GIVEN INFORMATION START

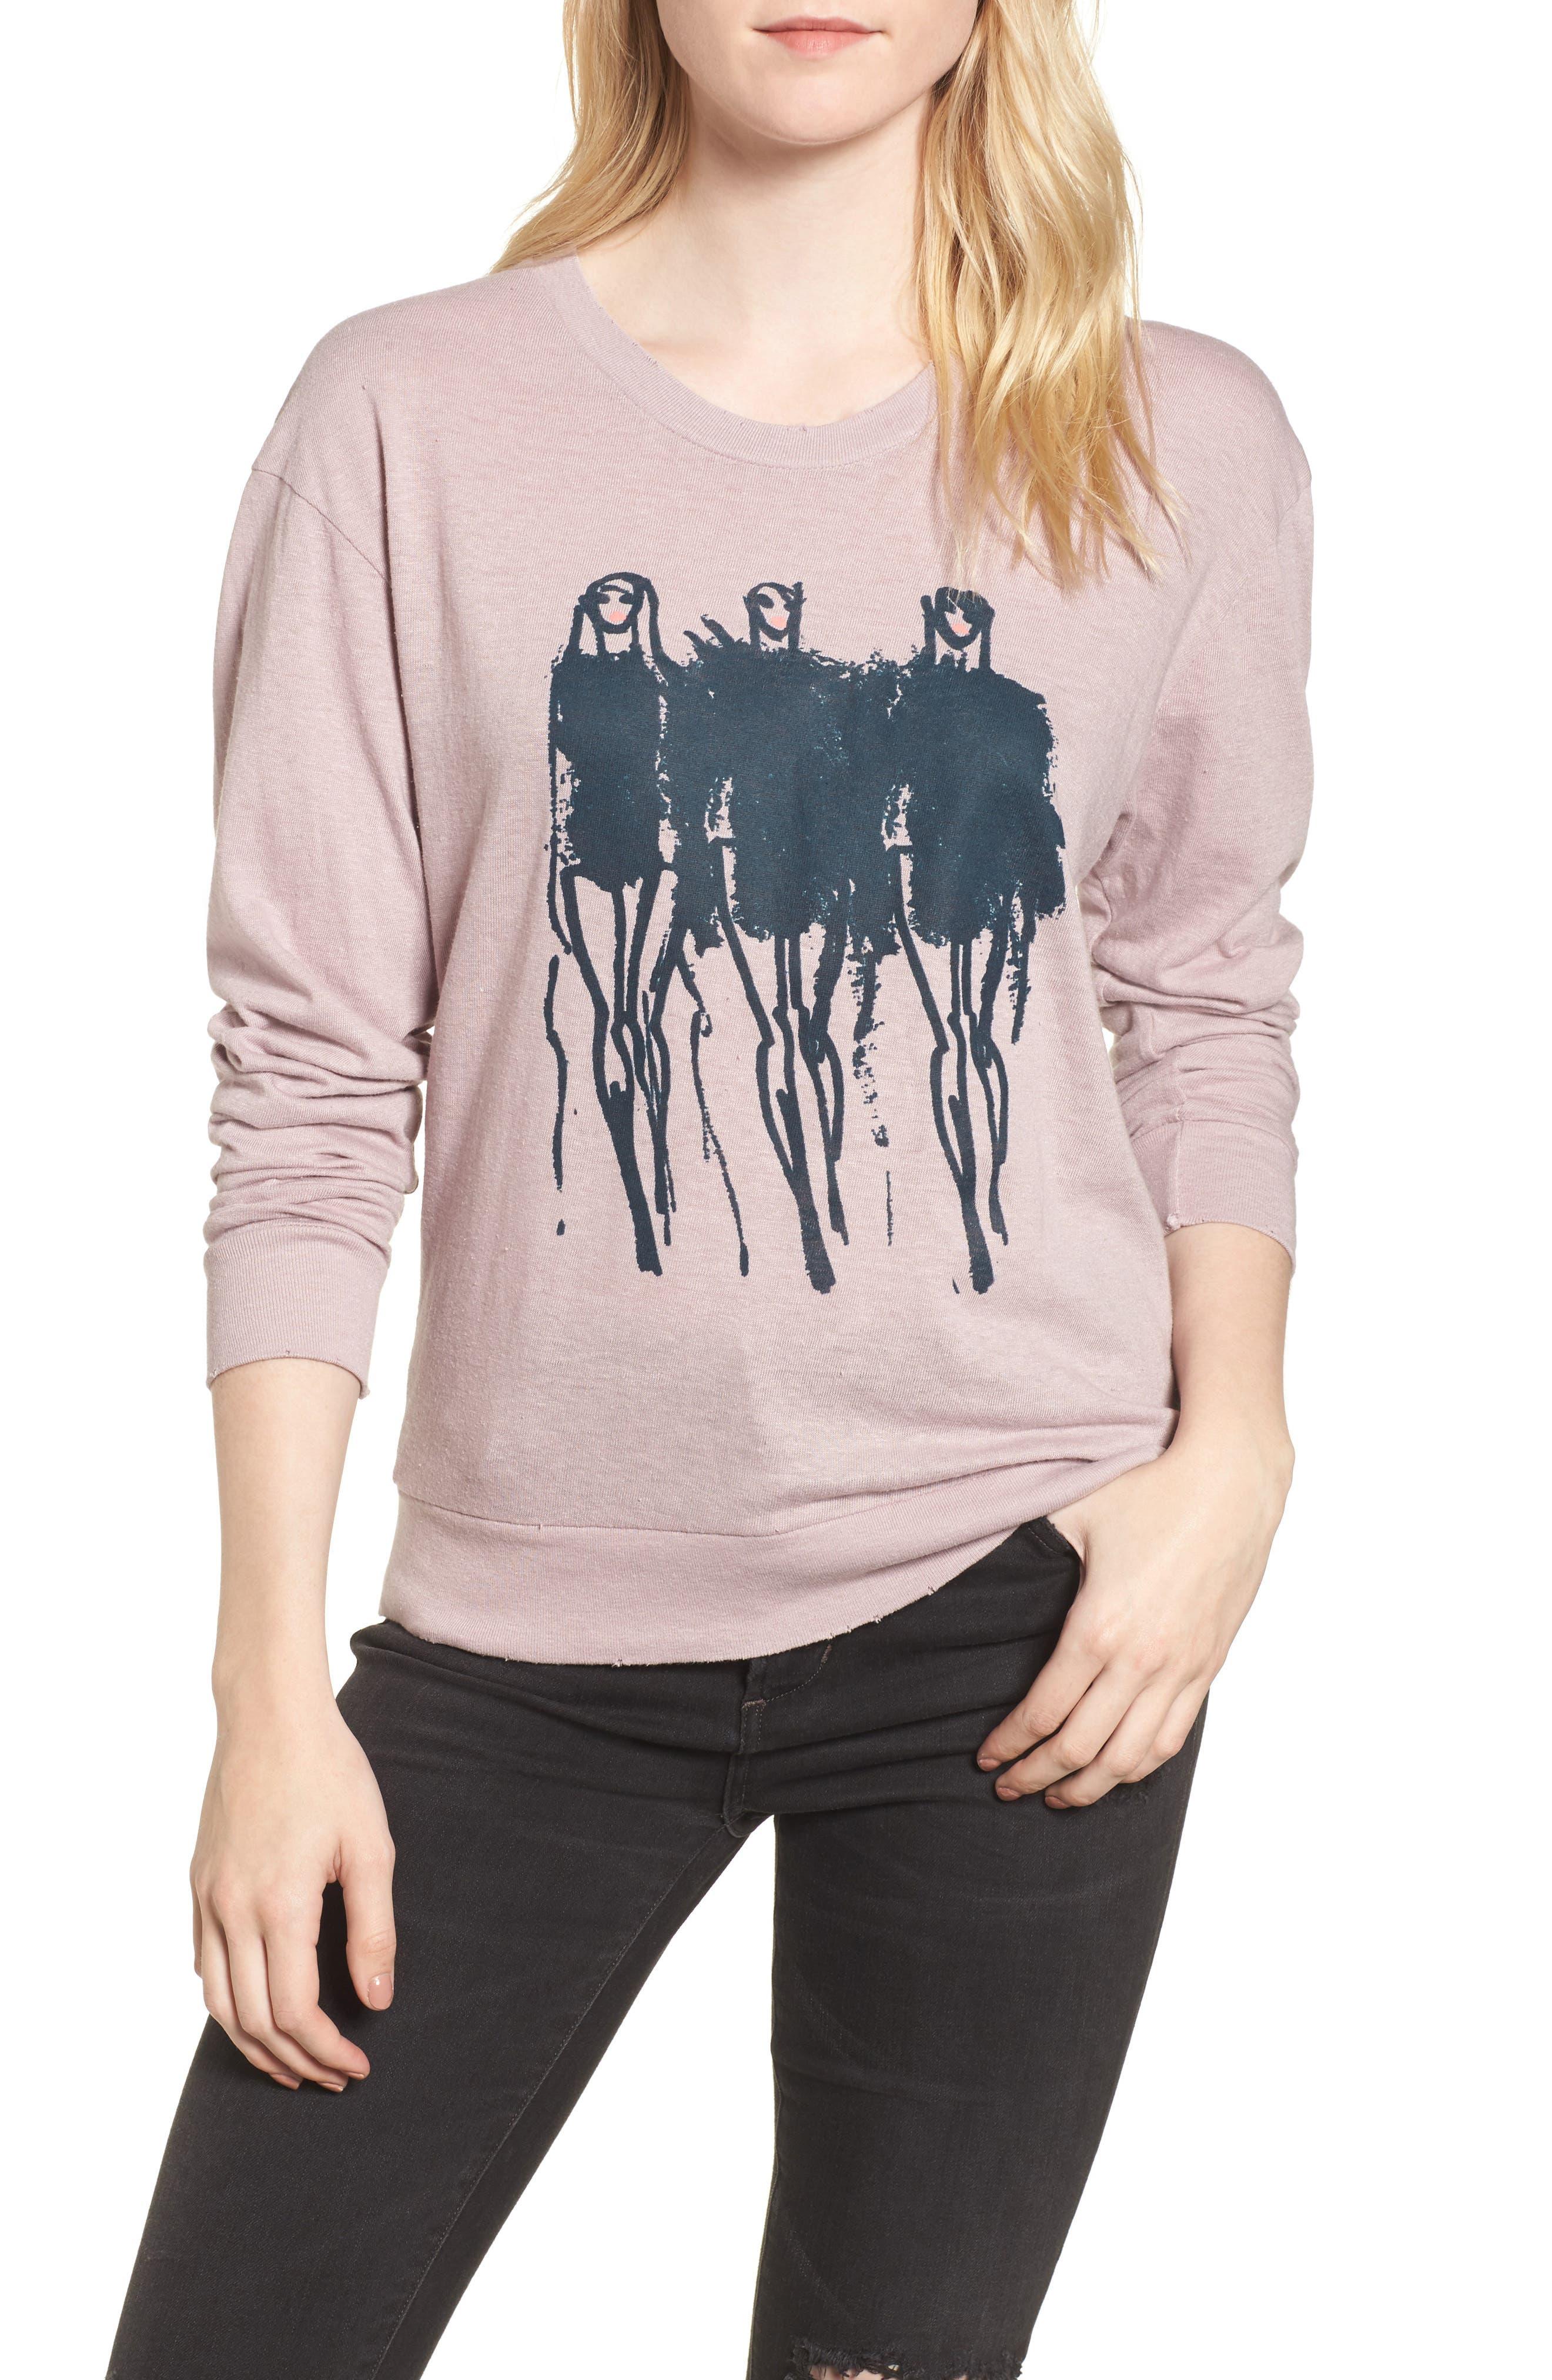 Alternate Image 1 Selected - Junk Food x Donald Robertson Black Dresses Sweatshirt
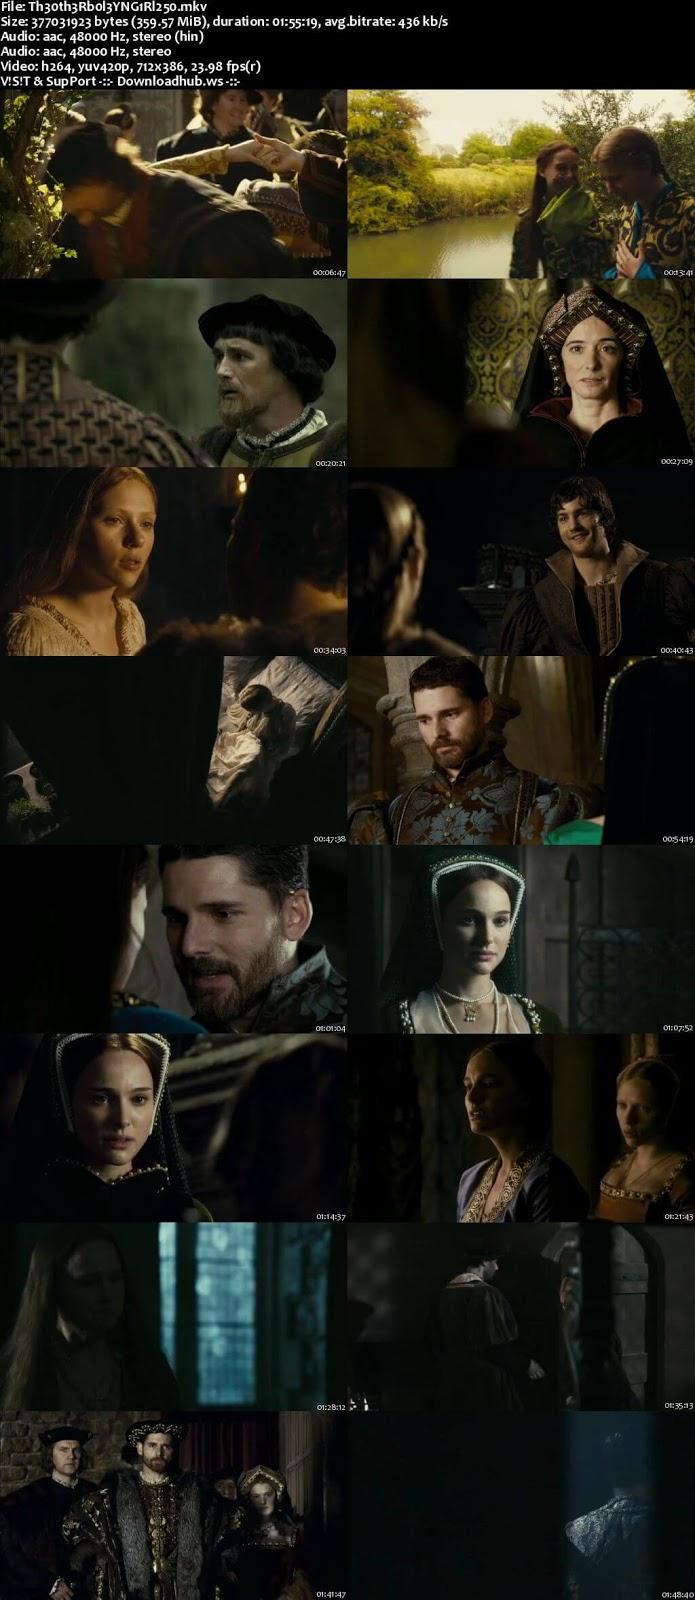 The Other Boleyn Girl 2008 Hindi Dual Audio 480p BluRay Free Download
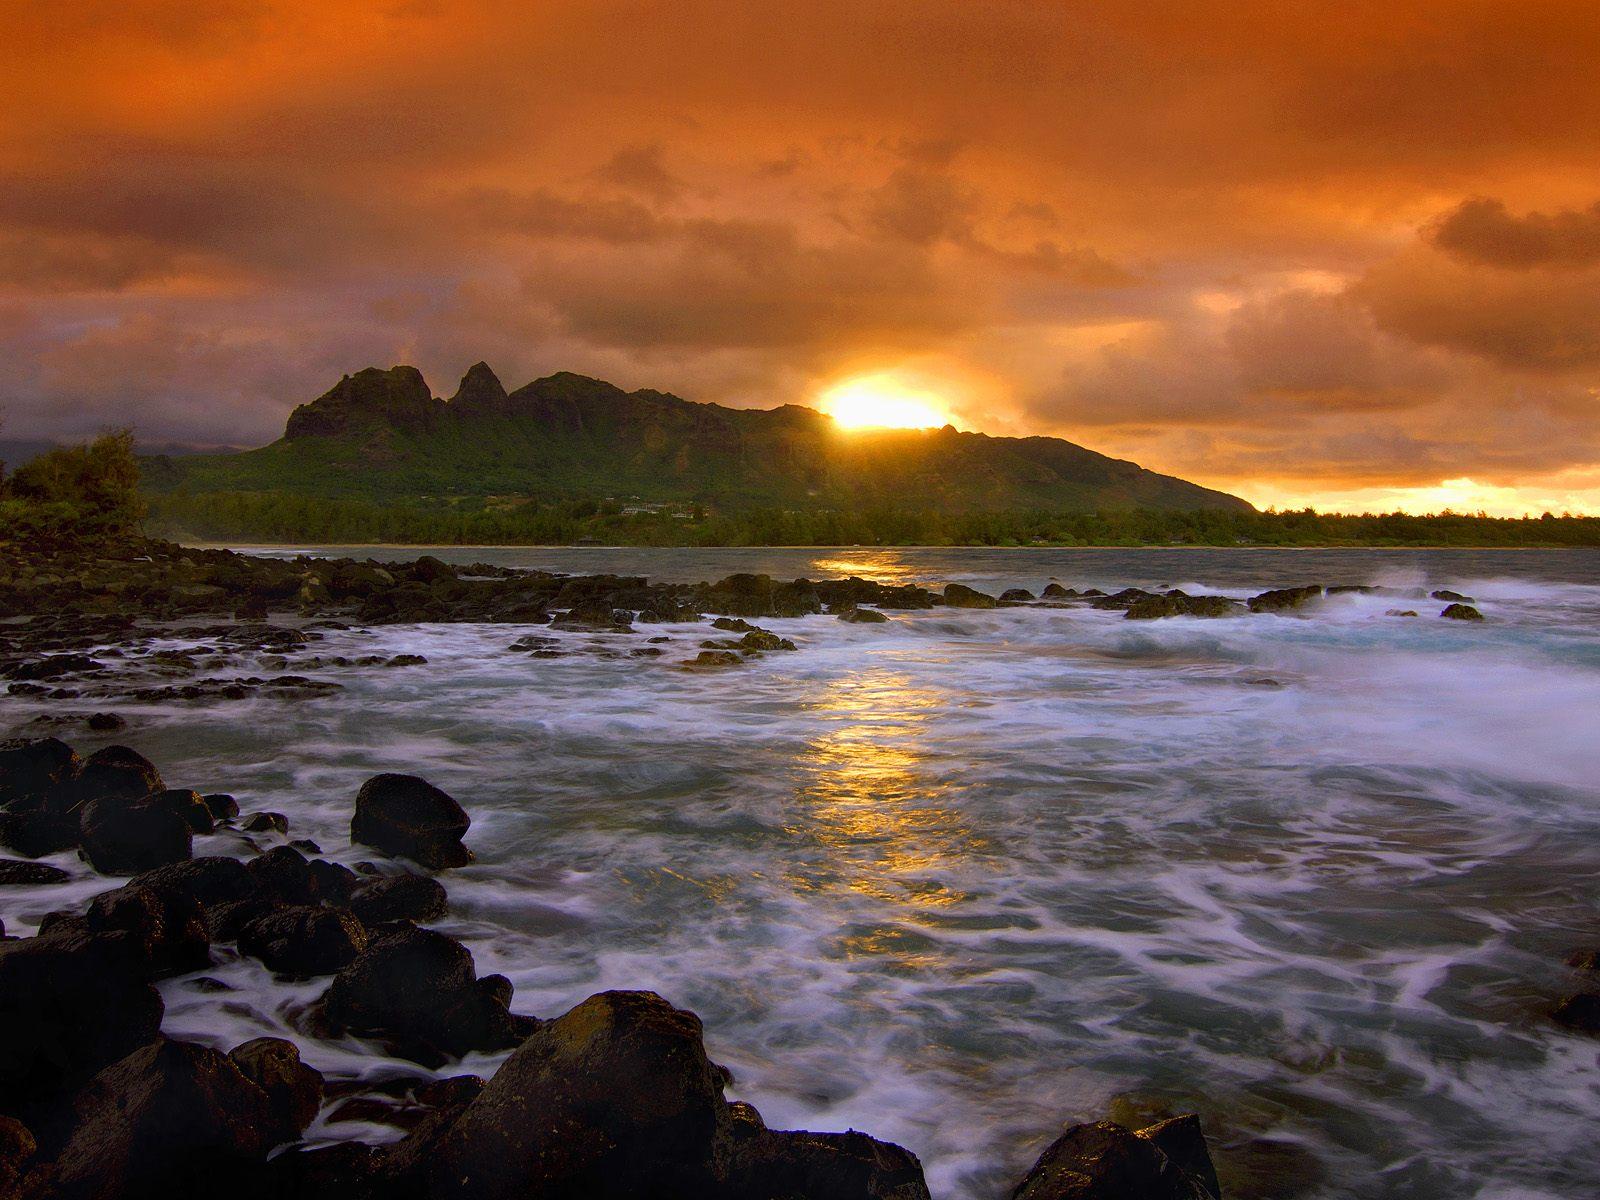 Island Seascape Kauai Hawaii wallpaper 1600x1200

GIVEN INFORMATION END

◆ TASK INSTRUCTIONS ◆
Would you output the listing above verbatim, without its pictures?

◆ ANSWER ◆
 Alternate Image 1 Selected - Junk Food x Donald Robertson Black Dresses Sweatshirt
 The Other Boleyn Girl 2008 Hindi Dual Audio 480p BluRay Free Download
 Island Seascape Kauai Hawaii wallpaper 1600x1200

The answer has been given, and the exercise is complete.